My big resentment right now is that I suffer from anxiety and chronic pain, and can't take CBD oil for it. Like what the actual hell, it doesn't even get you high! I understand not being able to take Kratom, but not allowing me some all-natural, legal relief is atrocious. Just because it might cause me to fail a drug test...Shame on the programs for not allowing me to take anything to help my pain. I know CBD works for me because I took it right before I had to sign my contract. If I could stay on it, I don't think I would ever abuse prescription drugs again! Instead, I'm racked with pain and every day I think about how good taking a Norco would feel. I'm not going to abuse it or take any, just sayin'...the pain I'm experiencing could cause a weaker person to relapse in an instant.

Very bitter about this right now.

I want to give you my opinion of what you should do differently based on my experience. I can't speak for everyone because each case is different but I can at least give you my thoughts.

I was given three years with the program I'm in due to drugs being involved. The drugs were oxycodone and norco. This is the first time I had ever been in trouble with my nursing license and the law.

I won't deny I deserved consequences for my actions since I was taking the drugs from my employer. However, three years is a little excessive in my opinion. I believe a year or a year and a half would have been sufficient enough due to it being my first offense.

Employment is a huge issue. I believe these programs need to reach out to job sites or nursing jobs in general and ensure that they will work closely with these places if they hire nurses in the program. I dont care what type of job I get personally I just want a job. But because of my location and the fact i have a nursing license in one state as well as restrictions on where i can work, it created an issue of finding a job.

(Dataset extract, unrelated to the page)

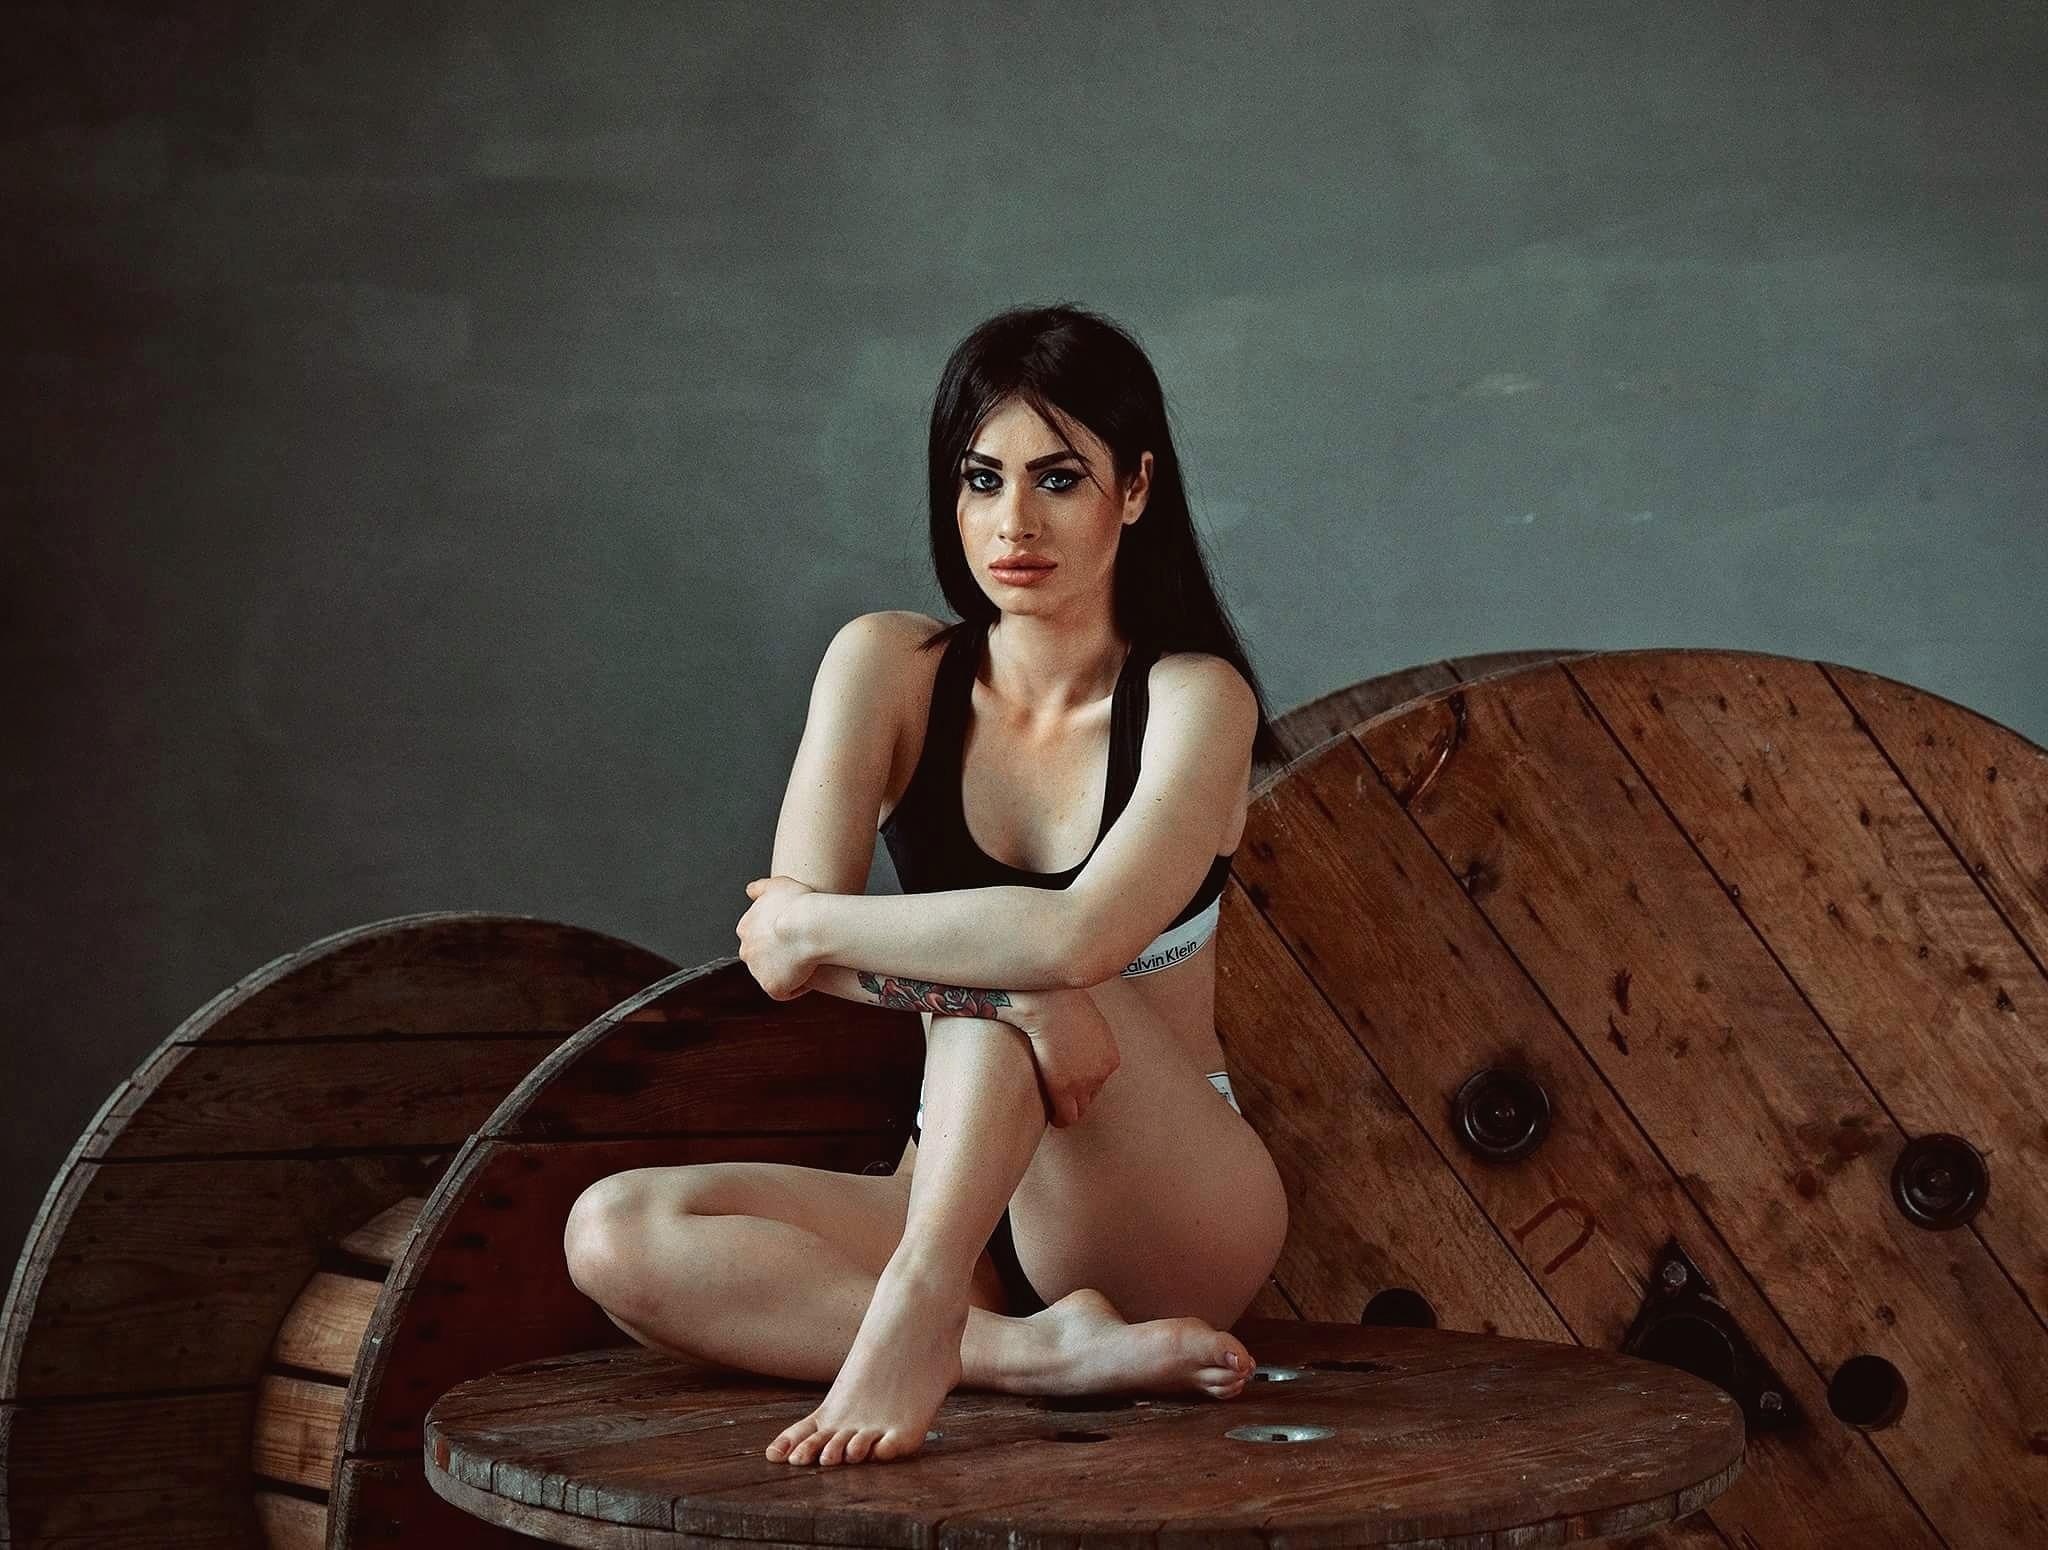 Giada by Gioia Altea
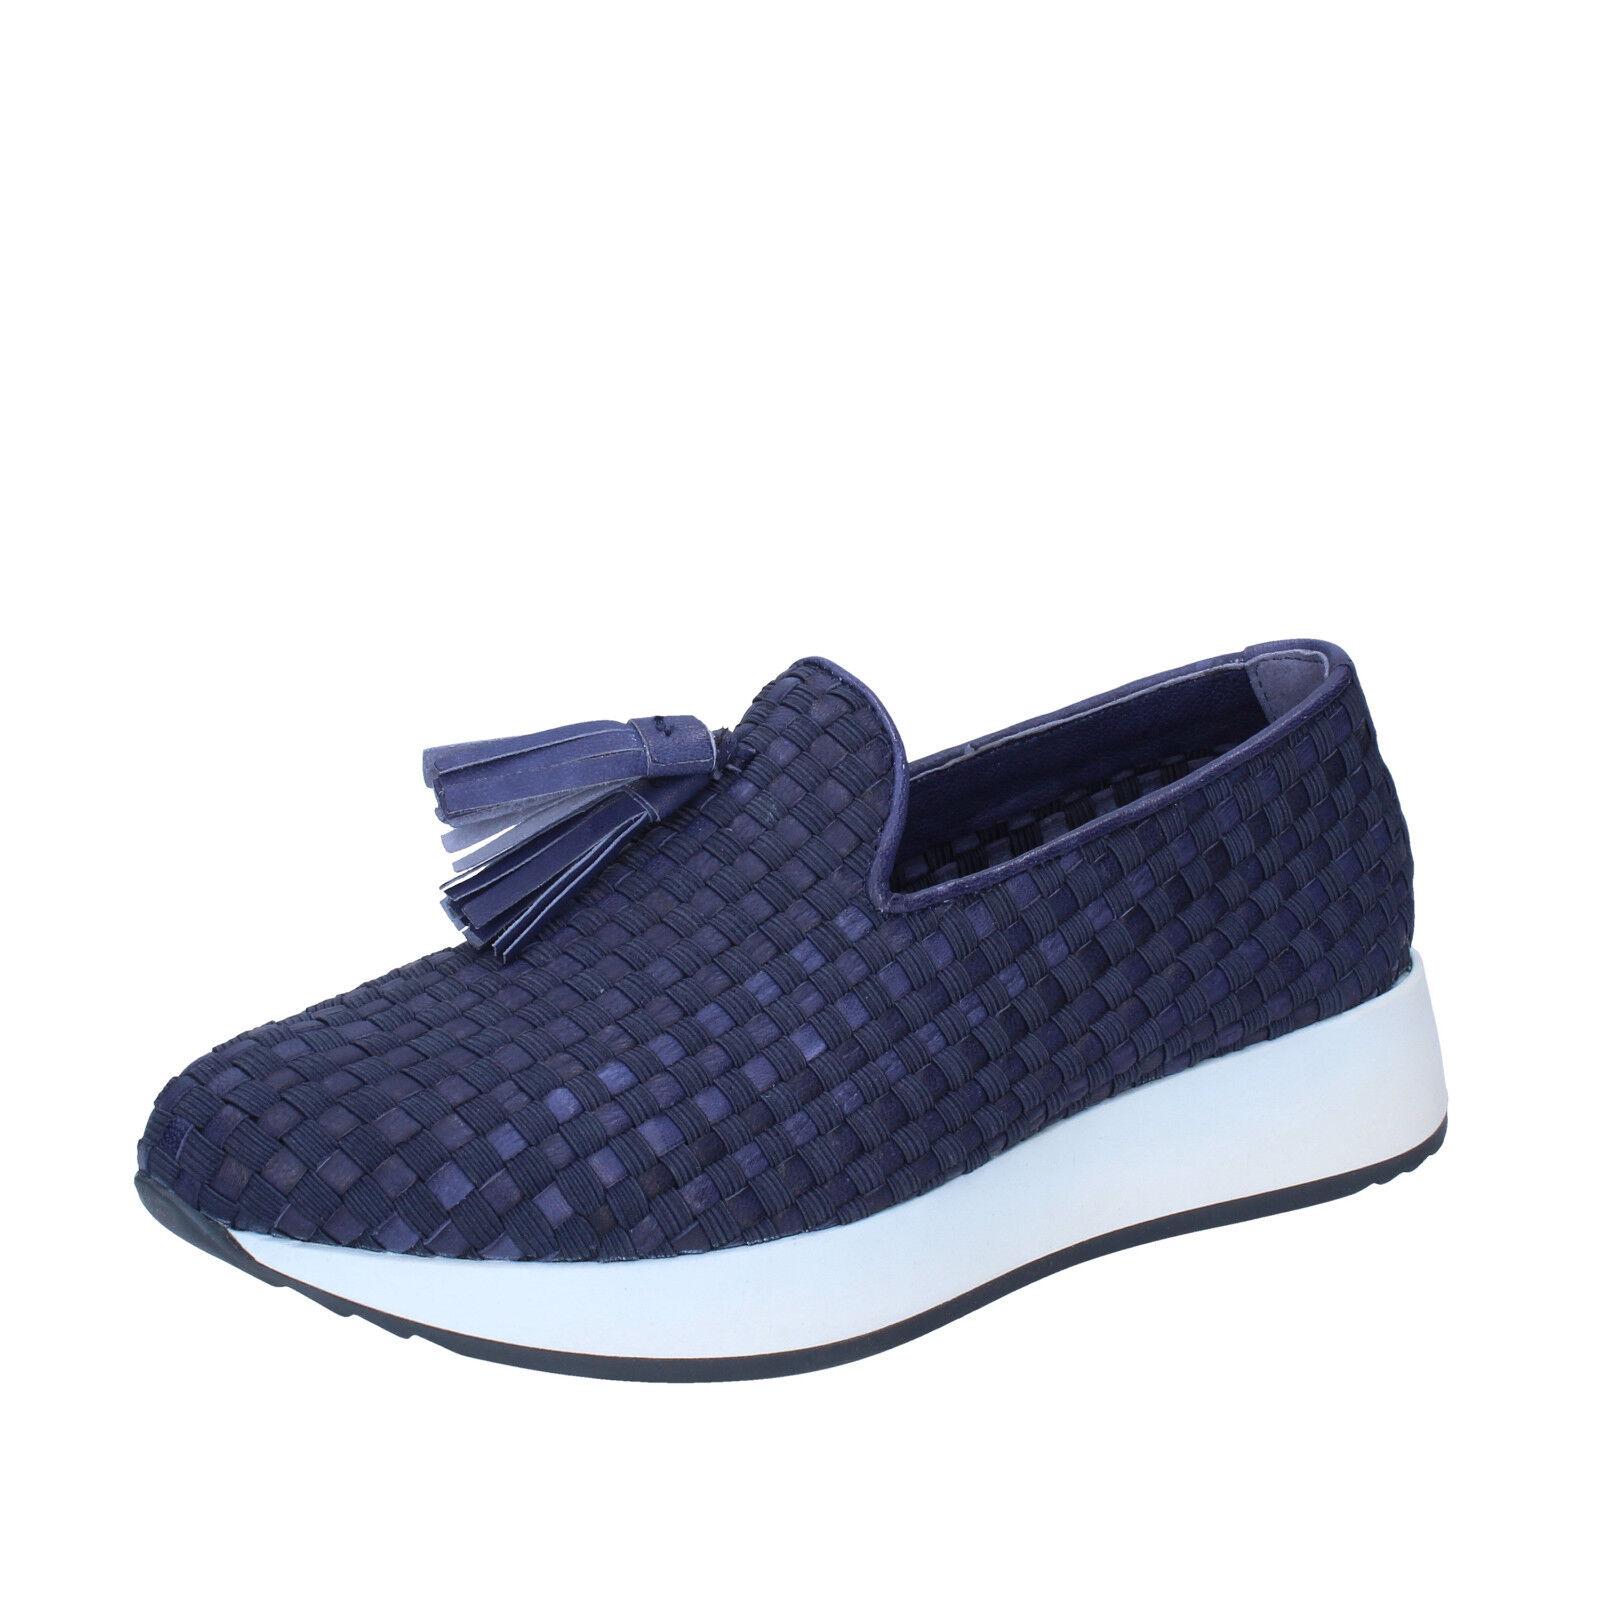 Zapatos señora emanuelle Vee 39 UE slip on azul textil, textil, textil, cuero bs22-39  hasta 42% de descuento

It's sad to say that i was treated better with the courts than i am with the board of nursing and the program I'm in. The judge put me on unsupervised probation for 6 months. I went to talk to my probation officer for the first time and sign paper work. She asked how long I was on monitoring with the program I was in for nursing. I told her three years. She didn't believe me. I showed her the paper work and even she said that was way too long for my first offense.

I hope you ment it when you said you do care and you want to hear nurses opinions. I think the program could be greatly improved and really help nurses who are impaired.

Mine is 3 years as well. Never abused drugs at any other time in my life, never been in any legal trouble. The job stipulations are ridiculous and I'm forced to work at a place where they'll hire anyone with a license and a pulse, further jeopardizing my license!

Being clean and sober 27 months, having an EGT come back invalid deemed to be unreadable due to possible UTI issues. And now waiting 12 days on the latest test results to come back wondering what will happen with another invalid. It gets tiring when you've put your soul into sobriety and have to worry about your fate based on lab results.